TASK TO CARRY OUT:
Please restate word for word the lines of the entries below from the one with "Mickey Mouse Plush image" to the one with "Alaïa \N White Cotton dress for Women 36 FR", inclusive, and leave out every picture.

LISTED ENTRIES:
* * *

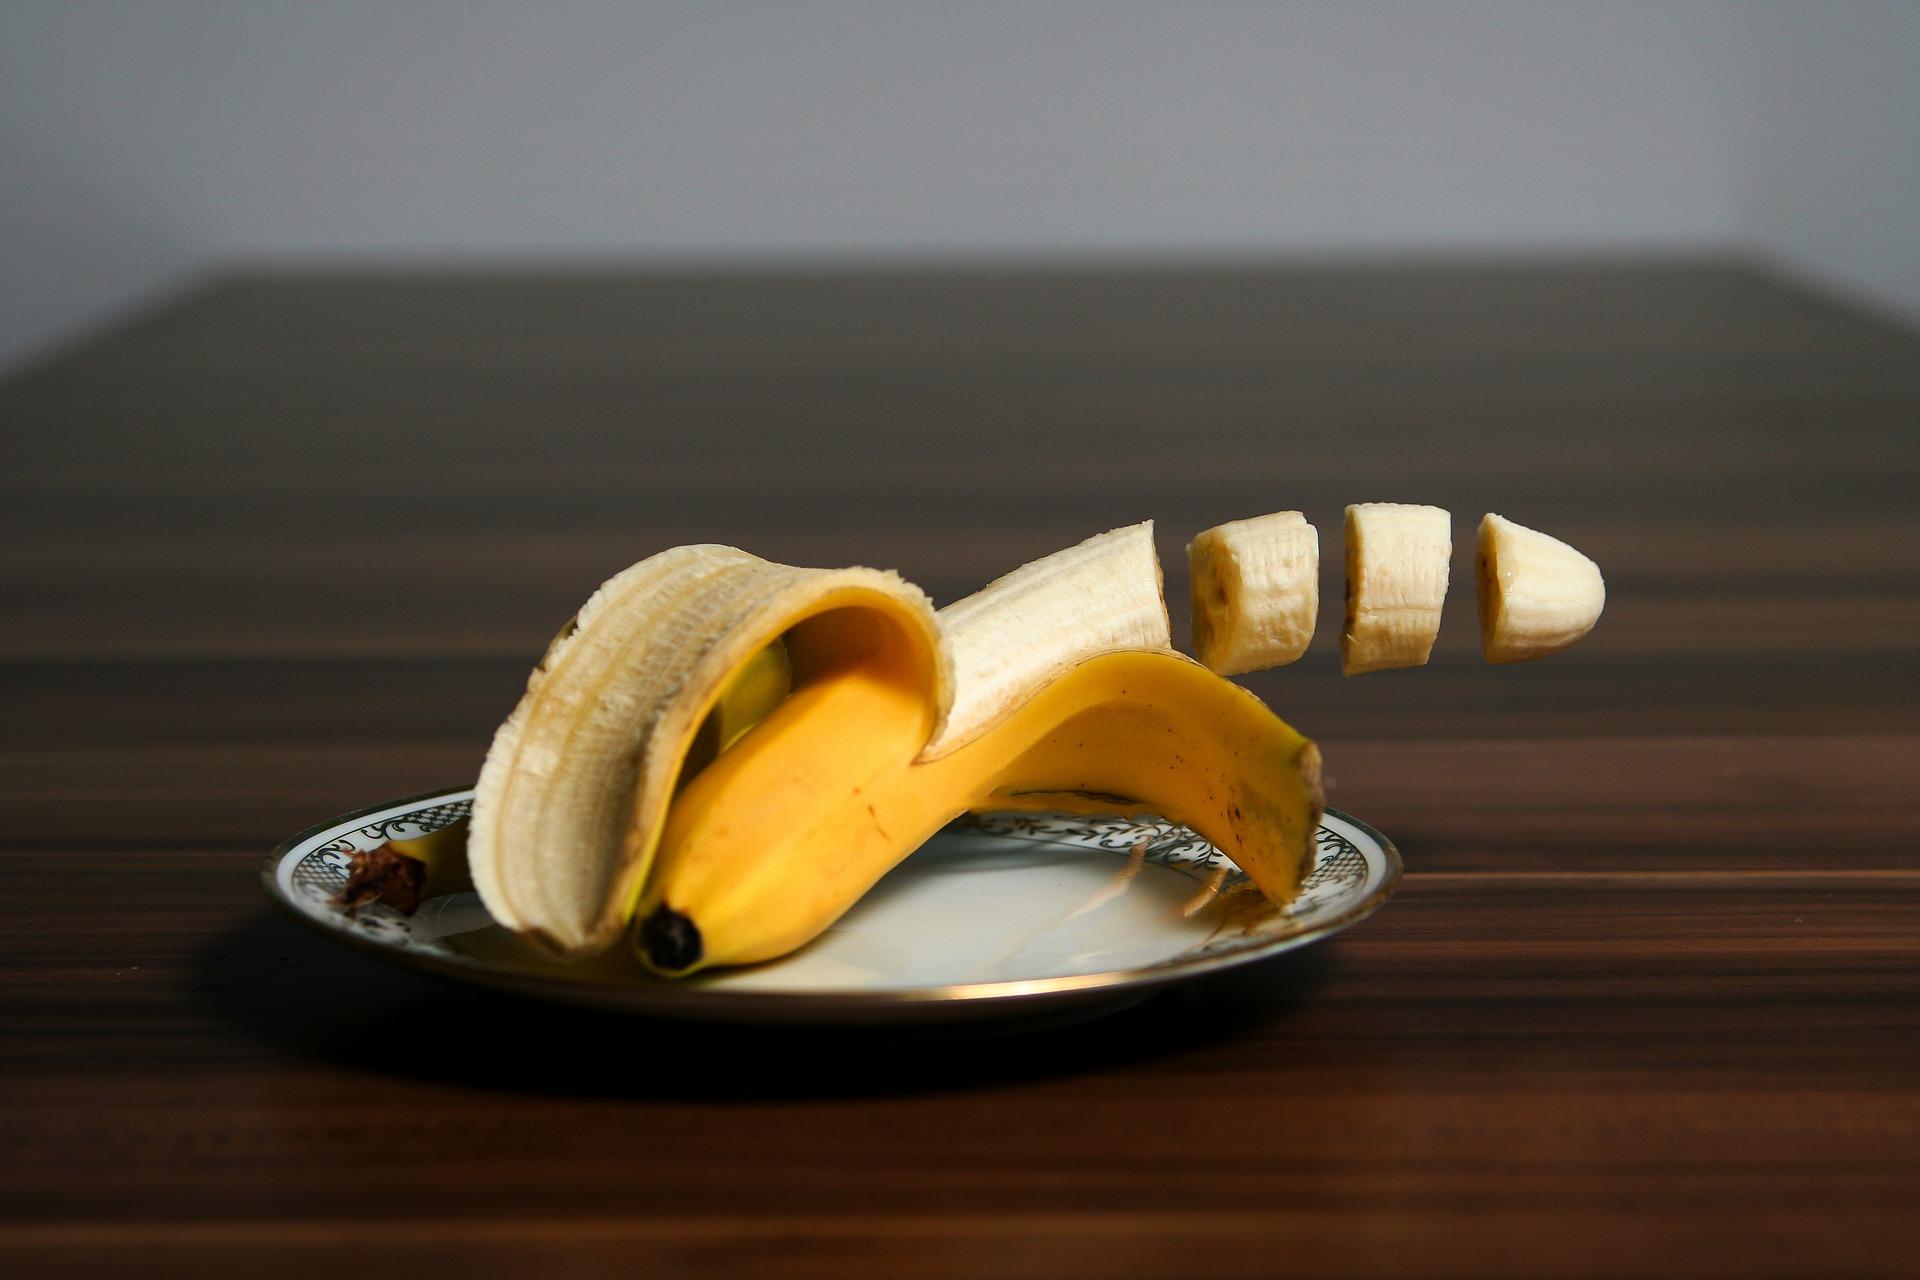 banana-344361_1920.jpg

* * *

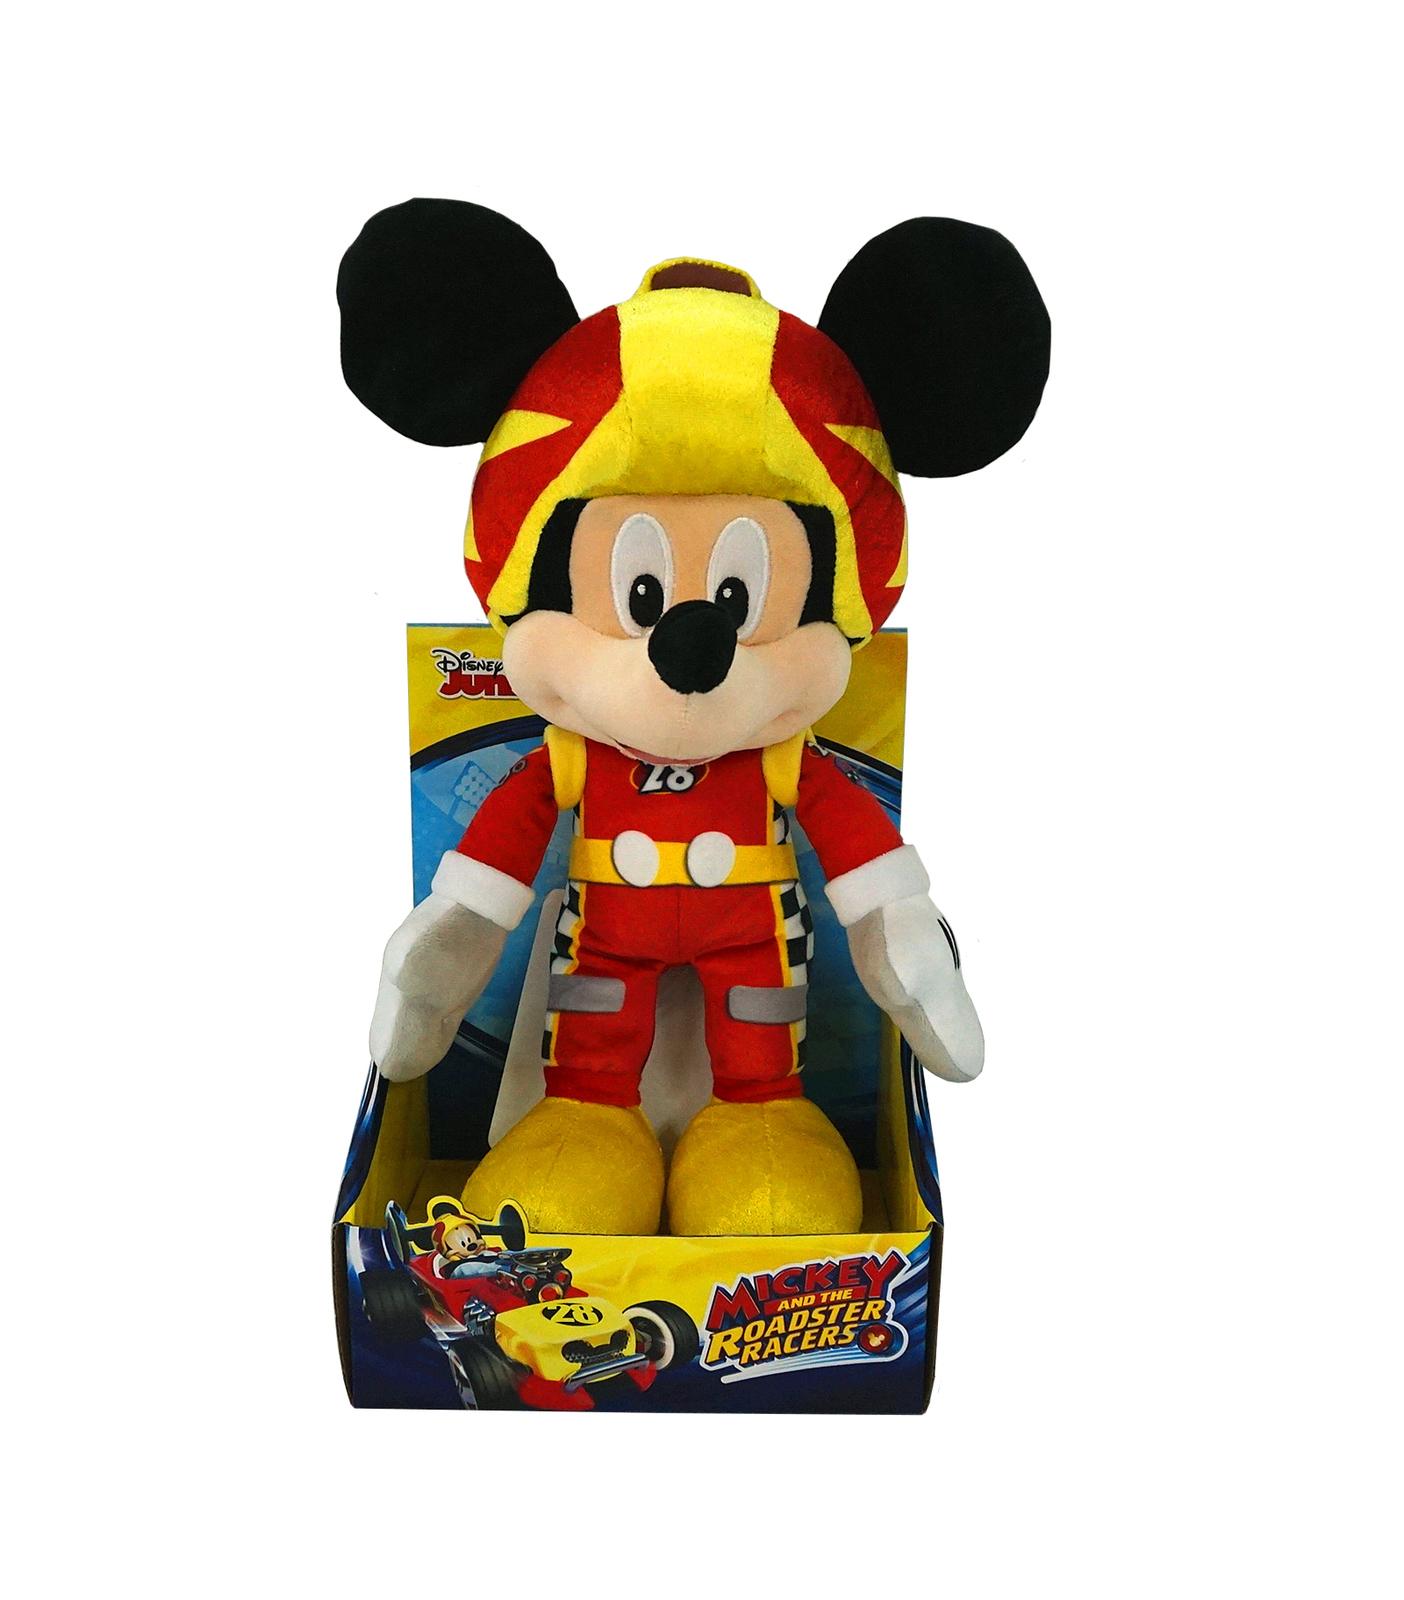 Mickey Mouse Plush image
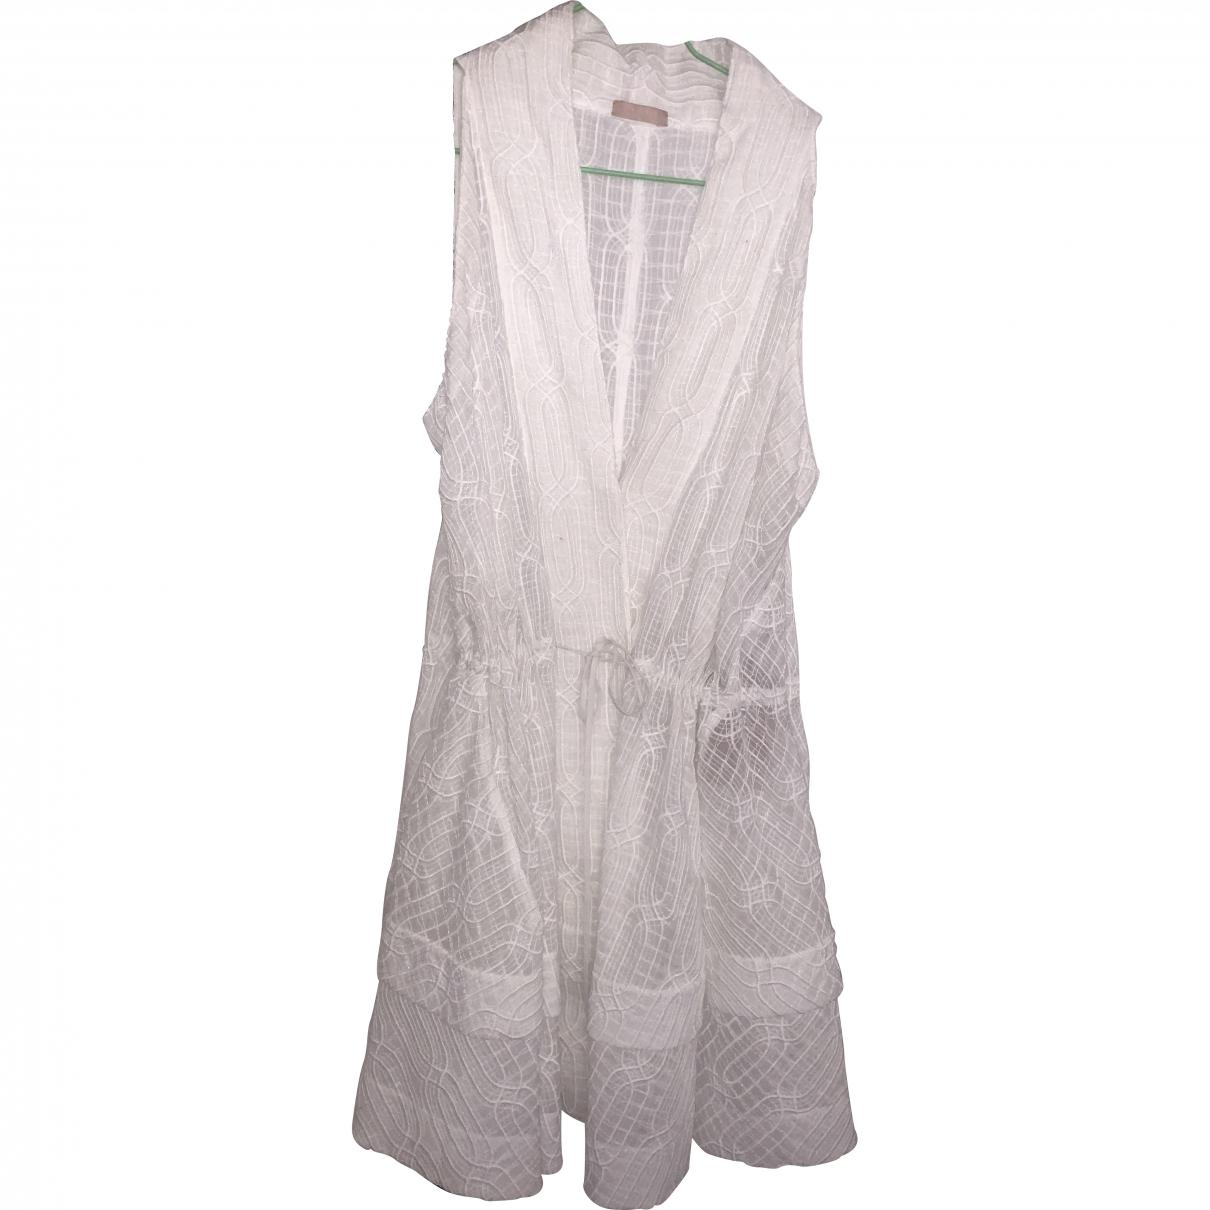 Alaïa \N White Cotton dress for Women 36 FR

* * *

ANSWER SECTION:
 Mickey Mouse Plush image
 Alaïa \N White Cotton dress for Women 36 FR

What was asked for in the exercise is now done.